NFS4 acl ops do not work with standard kernel

Bug #562913 reported by Robert Sander
52
This bug affects 9 people
Affects Status Importance Assigned to Milestone
linux (Ubuntu)
Fix Released
Undecided
Unassigned
Nominated for Lucid by cotillion
Nominated for Maverick by cotillion

Bug Description

Binary package hint: nfs4-acl-tools

There is a minor bug in the recent kernel that cause nfs4_getfacl and nfs4_setfacl to fail:

http://linux-nfs.org/pipermail/nfsv4/2009-November/011643.html

ProblemType: Bug
DistroRelease: Ubuntu 10.04
Package: nfs4-acl-tools 0.3.3-0ubuntu1
ProcVersionSignature: Ubuntu 2.6.32-21.31-generic 2.6.32.11+drm33.2
Uname: Linux 2.6.32-21-generic i686
Architecture: i386
Date: Wed Apr 14 12:01:43 2010
ProcEnviron:
 LANG=en_US.UTF-8
 SHELL=/bin/bash
SourcePackage: nfs4-acl-tools

Revision history for this message
Robert Sander (gurubert) wrote :
Revision history for this message
Robert Sander (gurubert) wrote :

With kernel 2.6.34 from http://kernel.ubuntu.com/~kernel-ppa/mainline/v2.6.34-rc3-lucid/linux-image-2.6.34-020634rc3-generic_2.6.34-020634rc3_i386.deb the issue is resolved:

root@bloch:/mnt/nfs4# mount -t nfs4 -o rw,acl netapp-sim02:/vol/test test
root@bloch:/mnt/nfs4# cd test/
root@bloch:/mnt/nfs4/test# l
total 16
drwxrwxrwx 4 root nogroup 4096 Apr 7 14:46 ./
drwxr-xr-x 5 root root 4096 Apr 8 14:48 ../
drwxrwxrwx 10 root nogroup 4096 Apr 15 10:00 .snapshot/
drwxr-xr-x 2 root nogroup 4096 Apr 7 14:46 test/
root@bloch:/mnt/nfs4/test# nfs4_getfacl test/
A::OWNER@:rwaDxtTnNcCy
D::OWNER@:
A:g:GROUP@:rxtncy
D:g:GROUP@:waDTC
A::EVERYONE@:rxtncy
D::EVERYONE@:waDTC

Revision history for this message
cotillion (tobias-schwan) wrote :

I can confirm this bug.

Is there a chance the fix in the kernel package will become a StableReleaseUpdate? In my opinion it should. Otherwise this whole package is useless.

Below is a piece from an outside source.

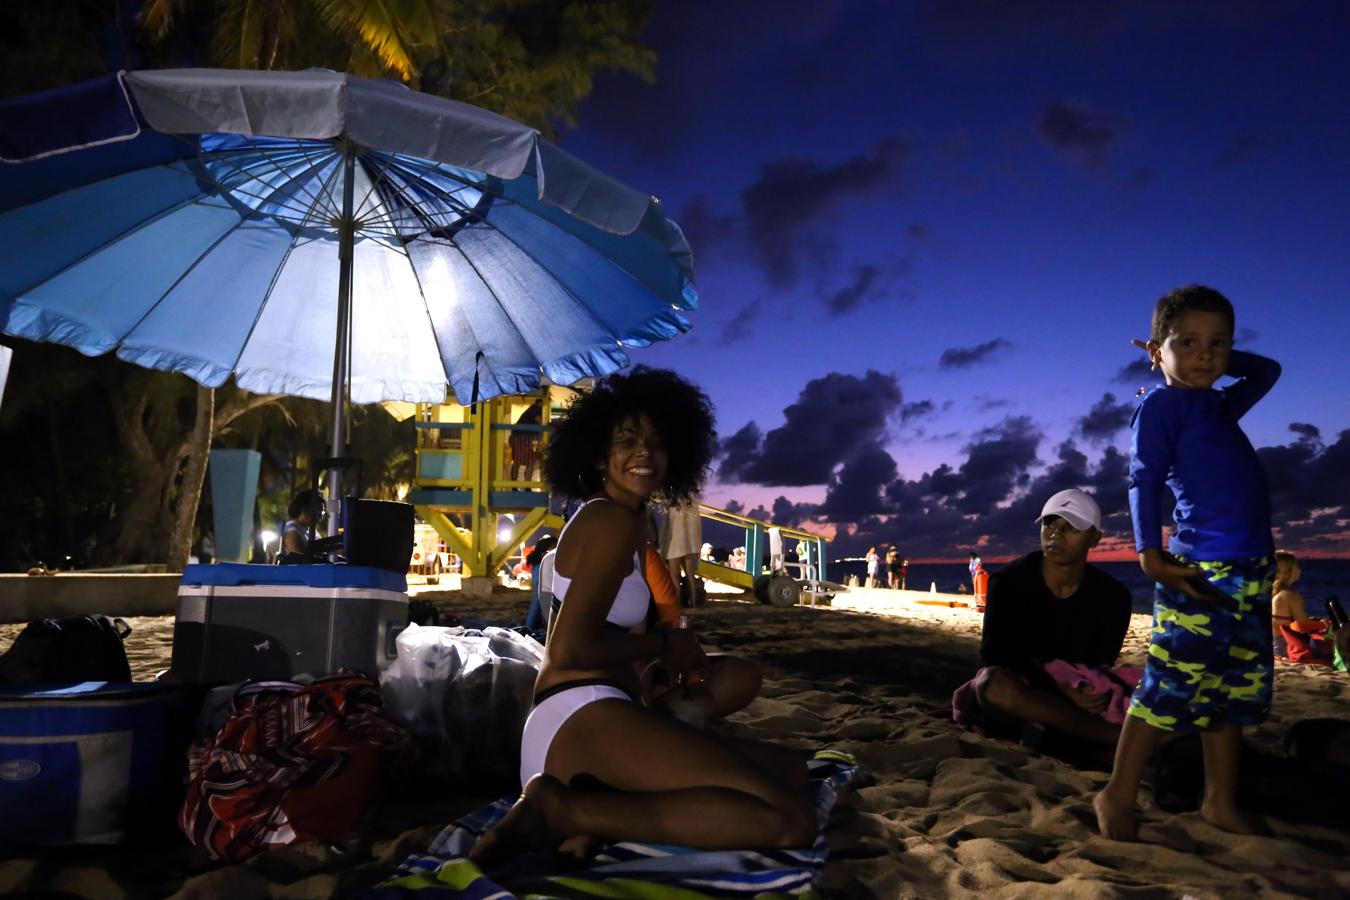 Cientos de personas acudieron a la playa del Escambrón, en San Juan (Puerto Rico), la noche del viernes 23 de junio, para celebrar la Noche de San Juan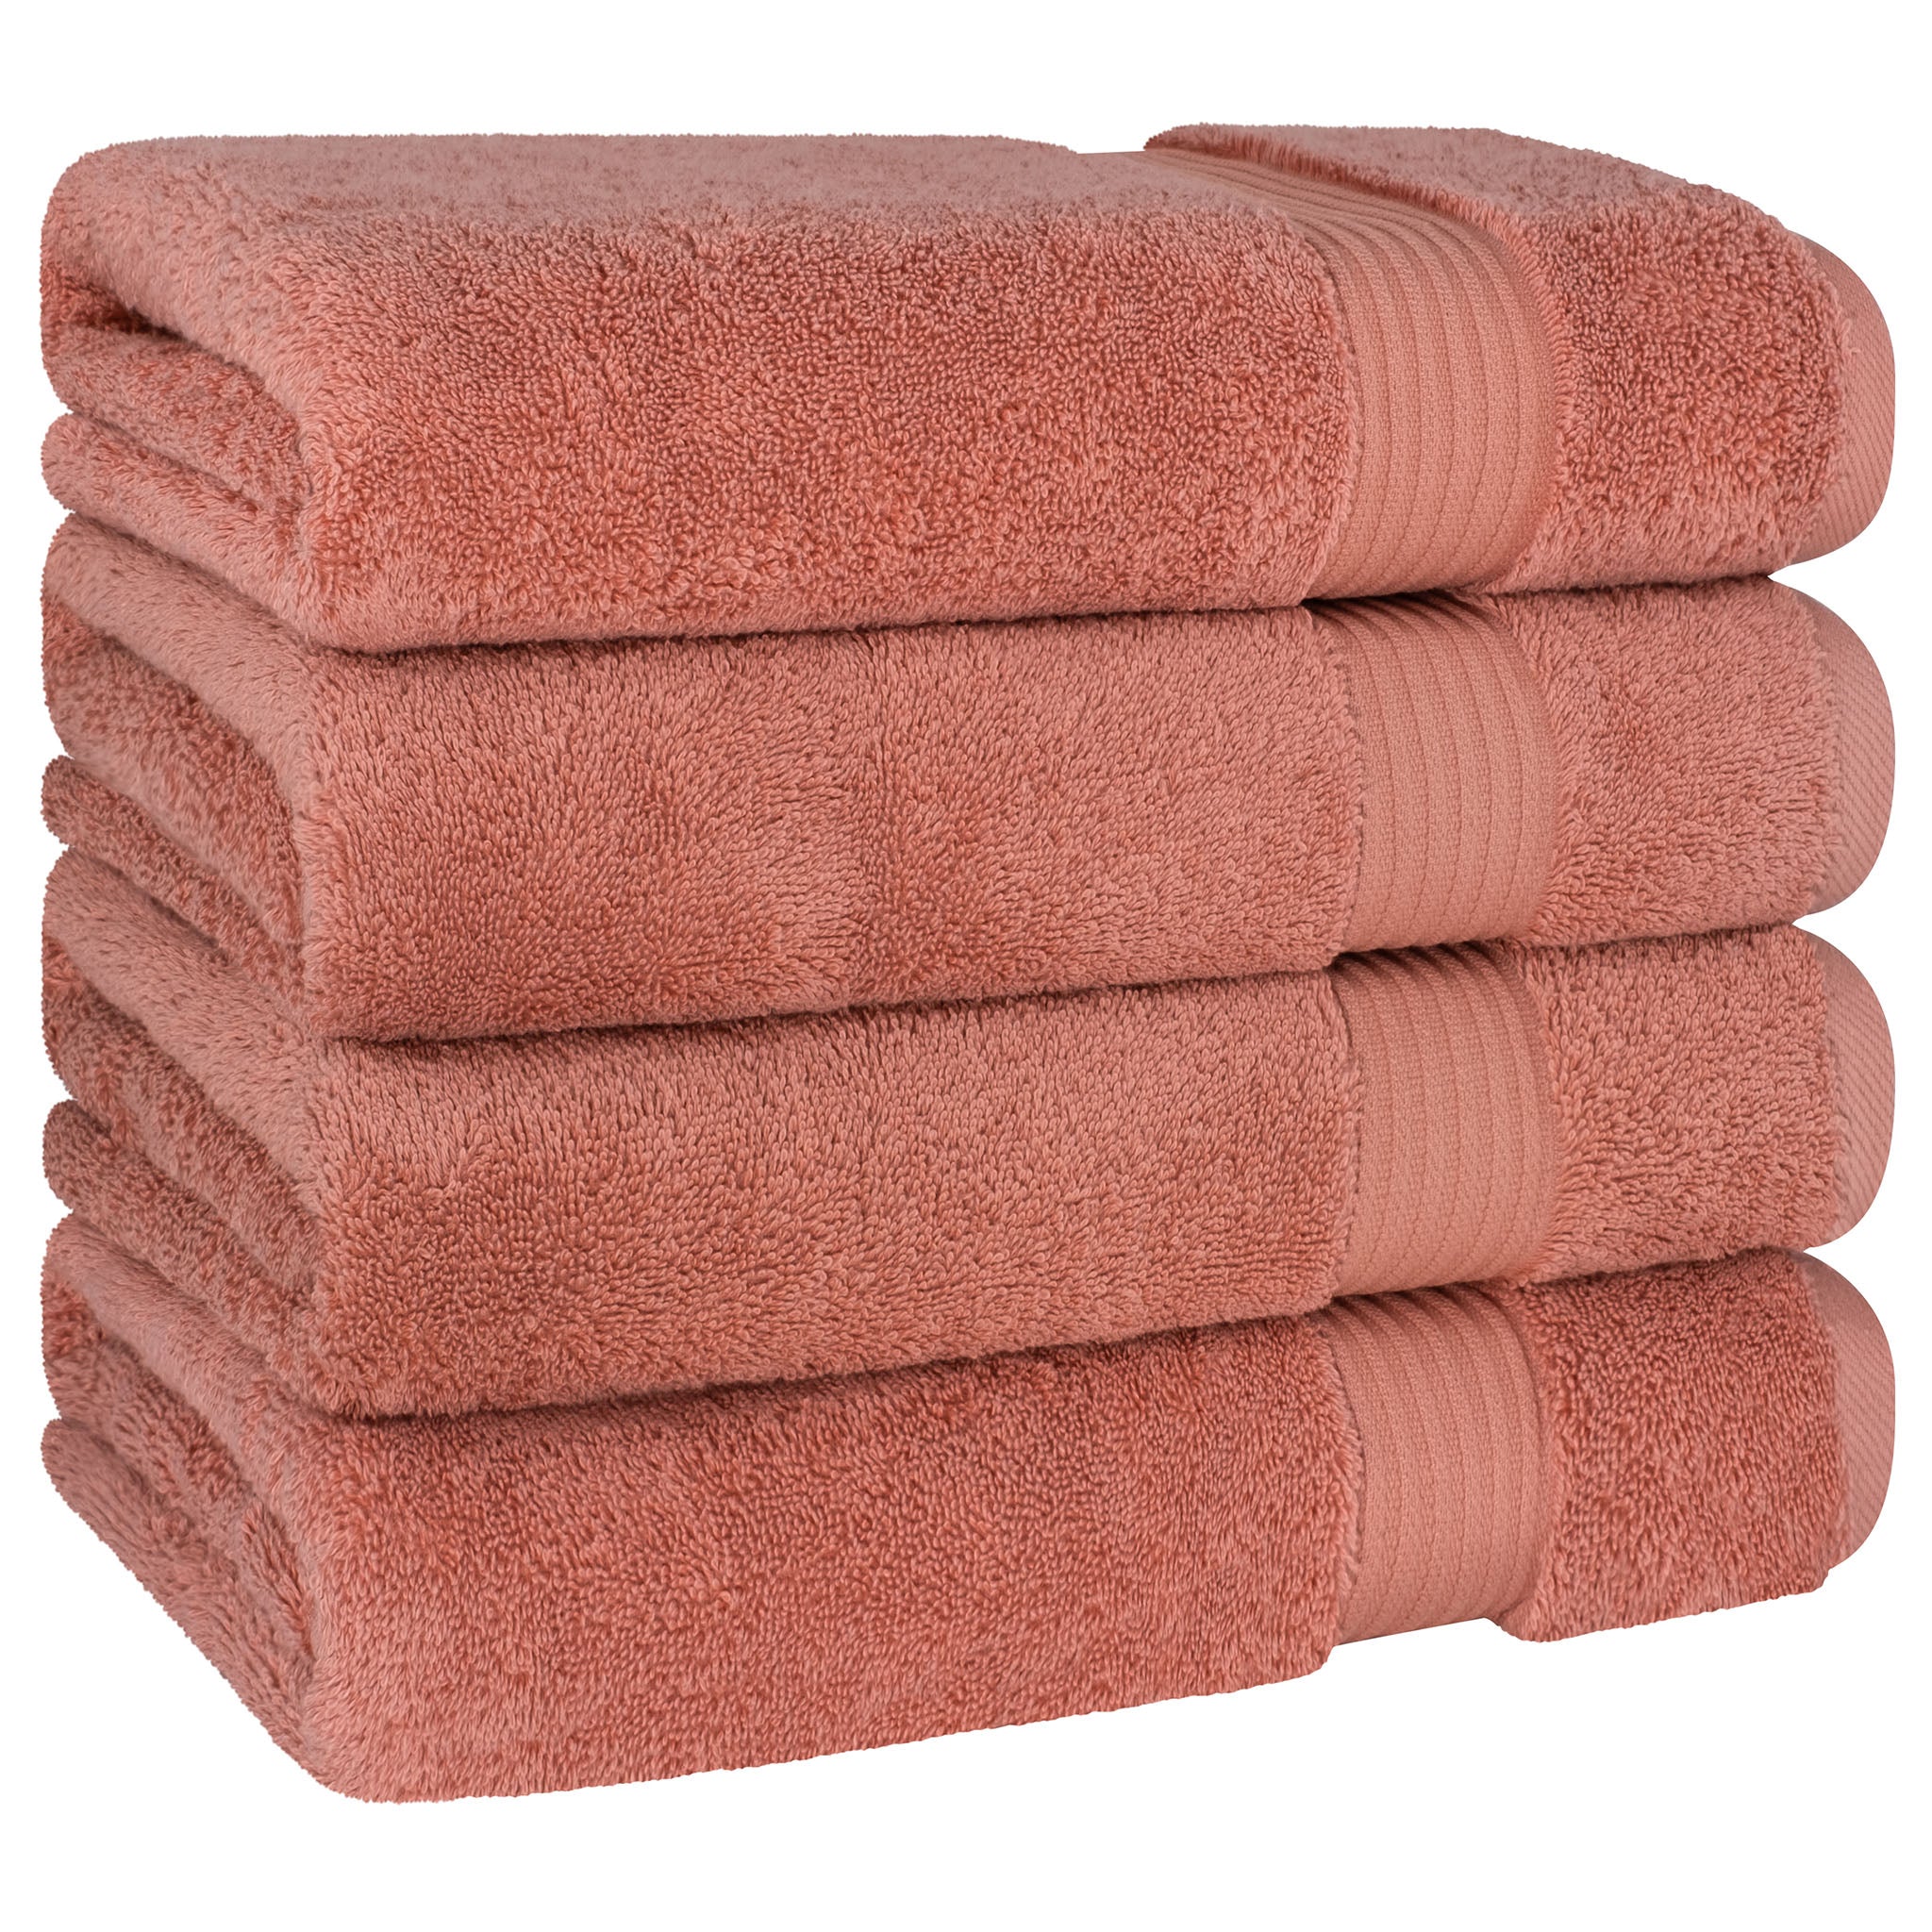 American Soft Linen Bekos 100% Cotton Turkish Towels, 4 Piece Bath Towel Set -coral-05

Revision history for this message
Alain St-Denis (alain-st-denis) wrote :

I'd like to second that. Deploying a custom kernel is doable, but it's a pain.

William Grant (wgrant)
affects: nfs4-acl-tools (Ubuntu) → linux (Ubuntu)
Revision history for this message
Jeremy Foshee (jeremyfoshee) wrote :

Hi Robert,

If you could also please test the latest upstream kernel available that would be great. It will allow additional upstream developers to examine the issue. Refer to https://wiki.ubuntu.com/KernelMainlineBuilds . Once you've tested the upstream kernel, please remove the 'needs-upstream-testing' tag. This can be done by clicking on the yellow pencil icon next to the tag located at the bottom of the bug description and deleting the 'needs-upstream-testing' text. Please let us know your results.

Thanks in advance.

    [This is an automated message. Apologies if it has reached you inappropriately; please just reply to this message indicating so.]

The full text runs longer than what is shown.